TCCTCGACGTGCAGTTCAGC

CGCAGCTTTGAACACTTCGG

PRRX1

TTTCCGTGAGTCACCTGCTG

ACTGTGGGCACTTGATTCCT

PRRX2

CCCTCAGAGCCGGAAAAACT

CTGGTTCTGATGCAGGCTGA

RUNX1

AACCCAGAAACACGAGGCAA

CCCTTCTGCCTCAACCACAT

SCN3A

TGGCTGGGATGGCTTGTTAG

TTGGAAGGATTGGCTGCCAT

SHOX

CGGAAGGGATCTACGAGTGC

GCTGGAGTTCTTGCTGTTGC

SULT4A1

GGCTTGCTACAGGAAGTGGT

CCACCATGGATTCCAGCTGT

TOX2

AACCTCCCTGACCCTTCACT

CCGAAGGTAGCATTGGGGTT

Other constructs were obtained: DRG11 from Prof. J Cohen (KCL, London), PHOX2B from Prof, JF Brunet (ENS, Paris).

In situ hybridisation

Wholemount in situ hybridisation was carried out as described previously [8] with incubation at 65 °C. An RNAse incubation step (15mins, 37 °C) was included post-hybridisation.

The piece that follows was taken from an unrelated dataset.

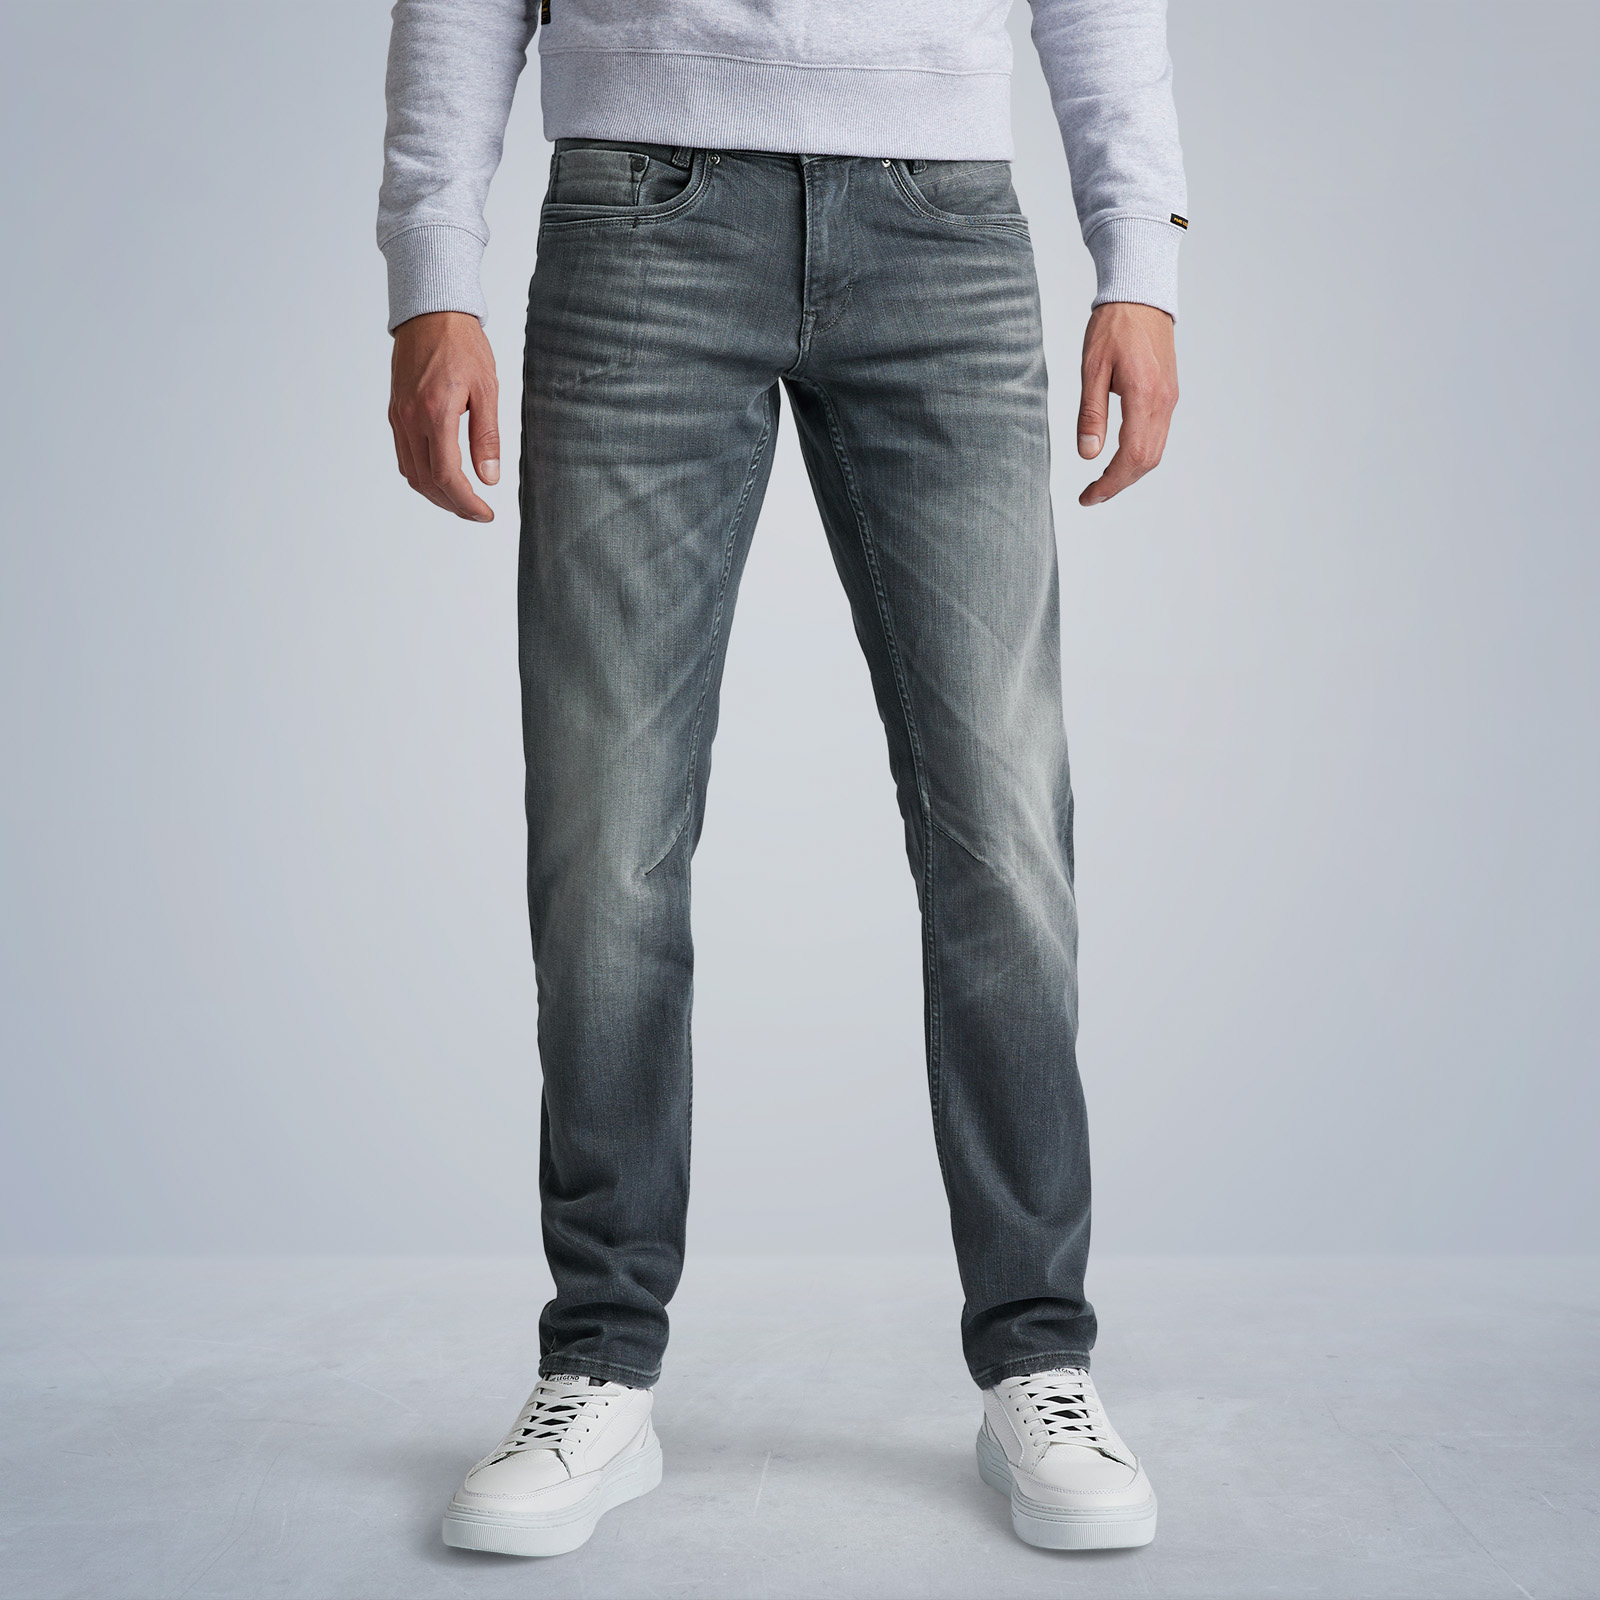 JEANS Skymaster Grey Wash | Free shipping and returns
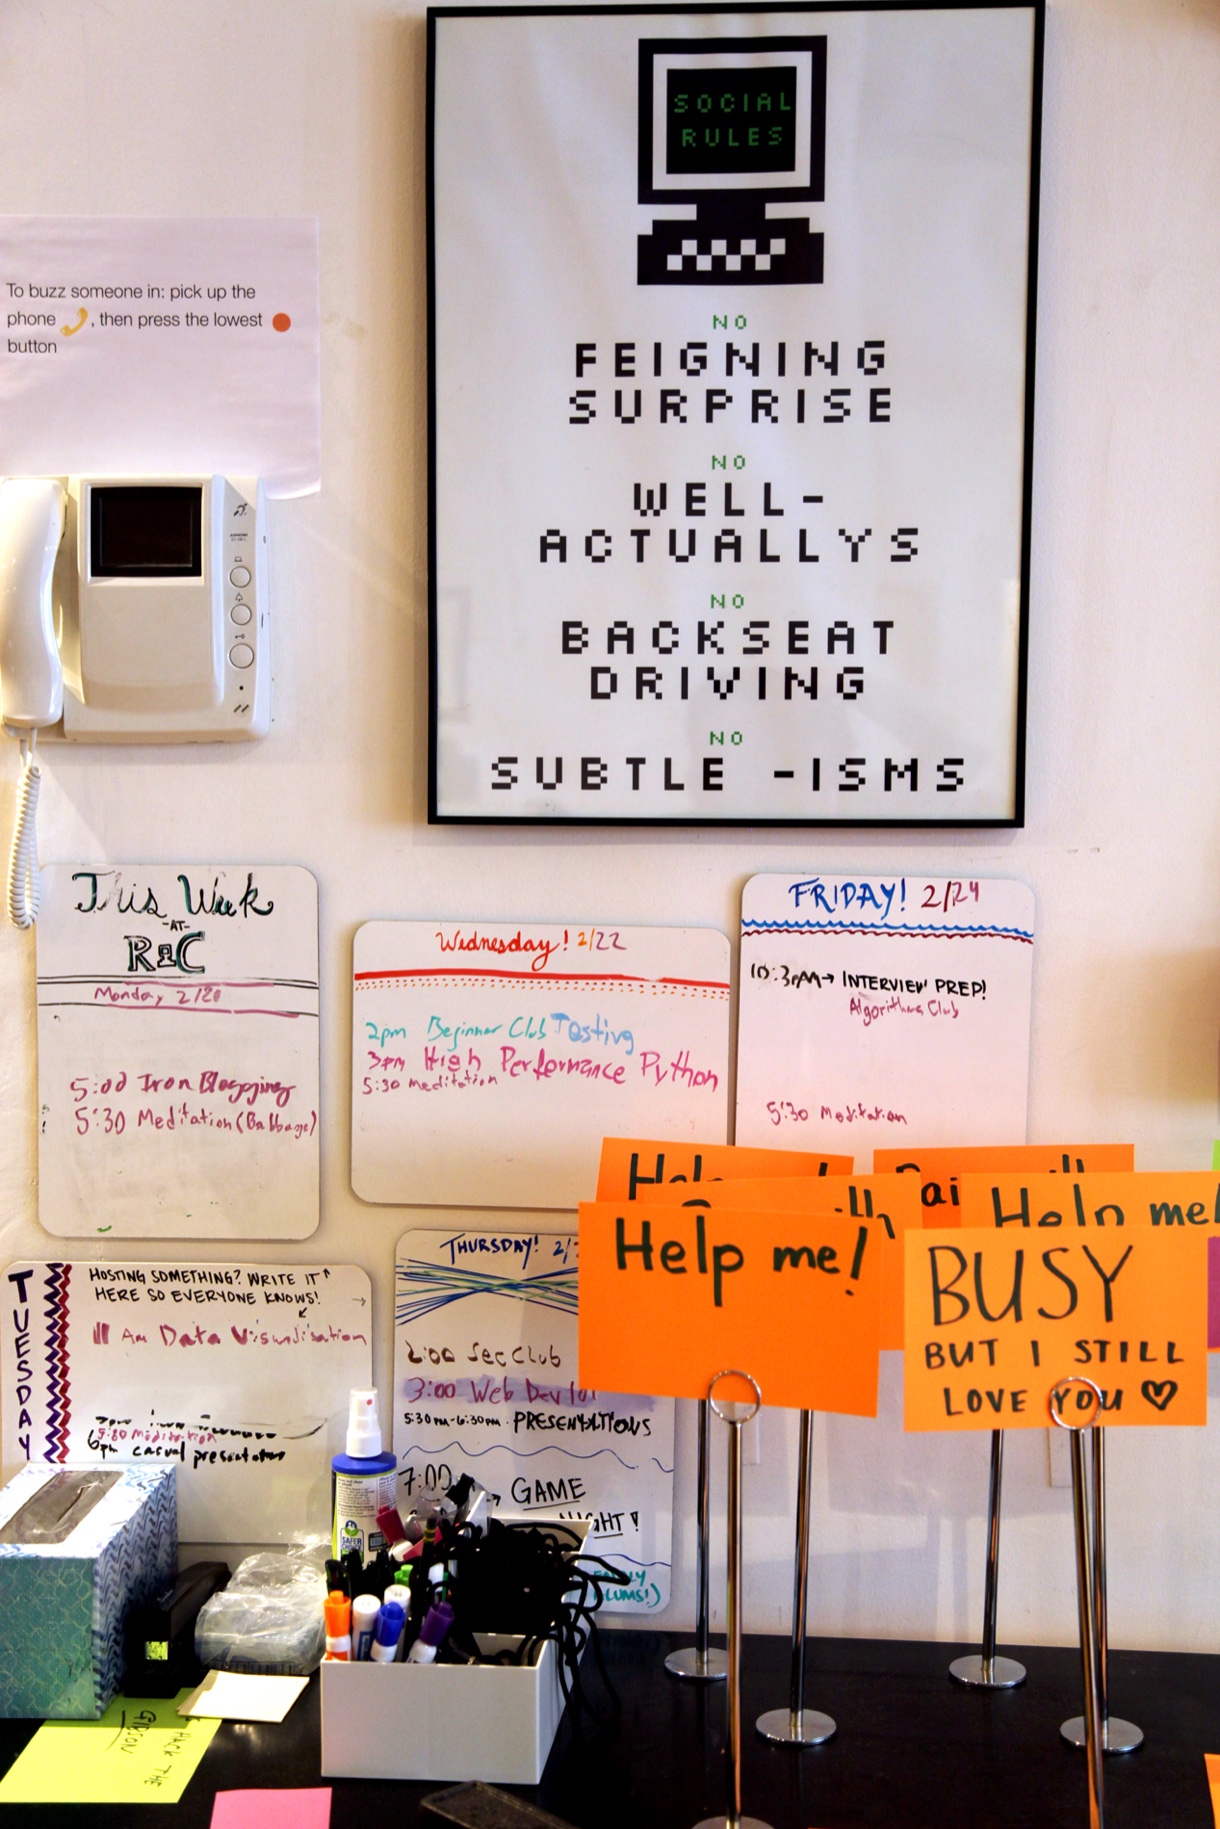 Poster with the following contents: “Social Rules: No Feigning Surprise, No Well-Actually’s, No Backseat Driving, No Subtle -isms”. Below the poster are signs that read “Help me!” and “BUSY, but I still love you <3”

For in situ hybridization on section, embryos were fixed in 4 % paraformaldehyde in MOPS buffer (MB) containing 100 mM MOPS (pH 7.5), 1 mM EGTA and 2 mM MgSO4 for 12 h at 4 °C. Embryos were then treated in 15 % sucrose in MB for 10 h and 30 % sucrose in MB for 2 h, and embedded in OCT compound (Andwin Scientific). 10 μm cryosections were collected and processed for in situ hybridization as previously described [108].